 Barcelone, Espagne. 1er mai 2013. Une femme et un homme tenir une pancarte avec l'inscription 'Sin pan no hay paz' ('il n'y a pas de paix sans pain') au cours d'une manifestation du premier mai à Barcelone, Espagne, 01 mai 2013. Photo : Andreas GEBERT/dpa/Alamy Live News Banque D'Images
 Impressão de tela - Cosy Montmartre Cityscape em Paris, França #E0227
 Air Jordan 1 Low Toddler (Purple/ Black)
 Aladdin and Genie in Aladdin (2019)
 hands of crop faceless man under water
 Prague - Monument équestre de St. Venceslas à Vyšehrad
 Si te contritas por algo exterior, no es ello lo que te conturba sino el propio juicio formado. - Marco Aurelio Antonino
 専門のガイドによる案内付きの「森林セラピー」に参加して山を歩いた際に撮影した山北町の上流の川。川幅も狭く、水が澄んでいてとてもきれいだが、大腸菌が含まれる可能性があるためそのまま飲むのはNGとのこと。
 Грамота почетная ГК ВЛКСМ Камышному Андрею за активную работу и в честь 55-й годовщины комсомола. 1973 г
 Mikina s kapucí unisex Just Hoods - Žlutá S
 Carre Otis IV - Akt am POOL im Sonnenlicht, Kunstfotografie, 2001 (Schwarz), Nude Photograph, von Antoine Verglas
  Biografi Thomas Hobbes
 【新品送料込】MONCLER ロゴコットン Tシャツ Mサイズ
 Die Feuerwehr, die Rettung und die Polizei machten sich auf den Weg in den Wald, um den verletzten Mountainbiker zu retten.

===============

▶ _Exercise_
Retype all the data exactly, line for line.

▶ _Answer to this exercise_
 Barcelone, Espagne. 1er mai 2013. Une femme et un homme tenir une pancarte avec l'inscription 'Sin pan no hay paz' ('il n'y a pas de paix sans pain') au cours d'une manifestation du premier mai à Barcelone, Espagne, 01 mai 2013. Photo : Andreas GEBERT/dpa/Alamy Live News Banque D'Images
 Impressão de tela - Cosy Montmartre Cityscape em Paris, França #E0227
 Air Jordan 1 Low Toddler (Purple/ Black)
 Aladdin and Genie in Aladdin (2019)
 hands of crop faceless man under water
 Prague - Monument équestre de St. Venceslas à Vyšehrad
 Si te contritas por algo exterior, no es ello lo que te conturba sino el propio juicio formado. - Marco Aurelio Antonino
 専門のガイドによる案内付きの「森林セラピー」に参加して山を歩いた際に撮影した山北町の上流の川。川幅も狭く、水が澄んでいてとてもきれいだが、大腸菌が含まれる可能性があるためそのまま飲むのはNGとのこと。
 Грамота почетная ГК ВЛКСМ Камышному Андрею за активную работу и в честь 55-й годовщины комсомола. 1973 г
 Mikina s kapucí unisex Just Hoods - Žlutá S
 Carre Otis IV - Akt am POOL im Sonnenlicht, Kunstfotografie, 2001 (Schwarz), Nude Photograph, von Antoine Verglas
  Biografi Thomas Hobbes
 【新品送料込】MONCLER ロゴコットン Tシャツ Mサイズ
 Die Feuerwehr, die Rettung und die Polizei machten sich auf den Weg in den Wald, um den verletzten Mountainbiker zu retten.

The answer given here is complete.